Akhenaten iktidar merkezini Thebes’teki geleneksel saraydan, kurduğu bir şehirdeki yeni inşa edilmiş bir komplekse, Akhetaten’e (sonradan Amarna olarak bilinir) taşıdı ve Ankhsenamun’un babasının çocuk gelini ve daha sonra üvey kardeşi Tutankhaten’in nişanlısı olarak büyüdüğü yer burası olmalı. Mısırbilimci Zahi Hawass, şunu belirtiyor:
iki çocuk birlikte büyümüş ve belki de saray bahçelerinde birlikte oynamış olmalı. Kraliyet çocukları, onlara Aten’in yeni dini hakkında bilgelik ve bilgi konusunda talimat verecek olan öğretmenlerden ve yazıcılardan ders almış olmalılar.
Bir noktada, tam olarak ne zaman olduğu belli değil, kızını doğurmuş olabilir ancak Ankhesenpaaten Tasherit’in çocuğu değil, Akhenaten ve onun daha az önemli eşi Kiya’nın (Tutankhamun’un annesi) kızı olması mümkündür. Ankhesenpaaten Tasherit yalnızca annesini belirlemeyi sorunlu hale getiren hasarlı yazıtlardan bilinmektedir. Çocuğun ne kadar yaşadığı veya ne zaman öldüğü bilinmemektedir.

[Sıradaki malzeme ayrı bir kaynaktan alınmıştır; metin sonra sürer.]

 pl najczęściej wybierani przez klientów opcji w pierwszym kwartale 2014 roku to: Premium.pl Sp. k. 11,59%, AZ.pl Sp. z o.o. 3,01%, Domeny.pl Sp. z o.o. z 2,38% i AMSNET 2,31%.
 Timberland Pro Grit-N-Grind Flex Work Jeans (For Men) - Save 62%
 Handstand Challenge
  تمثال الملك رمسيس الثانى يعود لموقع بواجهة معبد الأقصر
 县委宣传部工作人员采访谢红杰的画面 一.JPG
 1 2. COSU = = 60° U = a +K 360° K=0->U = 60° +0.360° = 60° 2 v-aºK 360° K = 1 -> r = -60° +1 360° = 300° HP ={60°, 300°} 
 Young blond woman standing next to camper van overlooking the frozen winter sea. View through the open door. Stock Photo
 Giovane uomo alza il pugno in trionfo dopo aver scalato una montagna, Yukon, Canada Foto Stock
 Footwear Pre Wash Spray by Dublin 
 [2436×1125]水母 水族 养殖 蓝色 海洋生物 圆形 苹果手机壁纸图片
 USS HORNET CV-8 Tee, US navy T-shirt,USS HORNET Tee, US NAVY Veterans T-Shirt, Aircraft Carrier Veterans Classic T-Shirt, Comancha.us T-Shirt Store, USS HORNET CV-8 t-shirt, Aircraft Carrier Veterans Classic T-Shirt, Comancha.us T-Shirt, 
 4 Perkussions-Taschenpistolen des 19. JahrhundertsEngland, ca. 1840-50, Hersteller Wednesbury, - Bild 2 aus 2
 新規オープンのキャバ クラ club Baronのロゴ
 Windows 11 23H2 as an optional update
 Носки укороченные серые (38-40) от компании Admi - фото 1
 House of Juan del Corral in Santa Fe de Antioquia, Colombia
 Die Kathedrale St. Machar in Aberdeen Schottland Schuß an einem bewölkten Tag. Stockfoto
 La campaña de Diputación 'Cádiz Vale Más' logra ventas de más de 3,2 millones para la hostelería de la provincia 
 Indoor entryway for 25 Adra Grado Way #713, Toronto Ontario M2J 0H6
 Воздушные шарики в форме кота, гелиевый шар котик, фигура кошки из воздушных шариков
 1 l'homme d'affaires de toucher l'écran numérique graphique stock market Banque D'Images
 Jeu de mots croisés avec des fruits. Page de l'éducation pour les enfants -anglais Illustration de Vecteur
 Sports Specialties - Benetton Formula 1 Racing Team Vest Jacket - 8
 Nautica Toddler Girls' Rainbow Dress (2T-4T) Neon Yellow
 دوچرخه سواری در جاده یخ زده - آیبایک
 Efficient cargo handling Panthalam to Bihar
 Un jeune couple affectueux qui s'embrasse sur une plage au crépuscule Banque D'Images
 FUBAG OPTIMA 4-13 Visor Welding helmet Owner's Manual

Ankhsenamun ve Tutankhamun
MISIR’DA DENGEYİ SAĞLAMA YOLUNDA İLK ADIM OLARAK KRALİYET ÇİFTİ İSİMLERİNİ TUTANKHAMUN VE ANKHSENAMUN OLARAK DEĞİŞTİRDİLER.
Akhenaten MÖ 1336’da öldü ve oğlu tahta geçti. Bundan kısa bir süre sonra, Tutankhaten olarak bilinen çocuk kral babasının dini yasaklarını kaldırdı ve Mısır’ın geleneksel dini uygulamalarını yeniden yürürlüğe koydu. Tapınaklar yeniden açıldı ve ayinler yine geleneğe uygun şekilde gerçekleştirildi.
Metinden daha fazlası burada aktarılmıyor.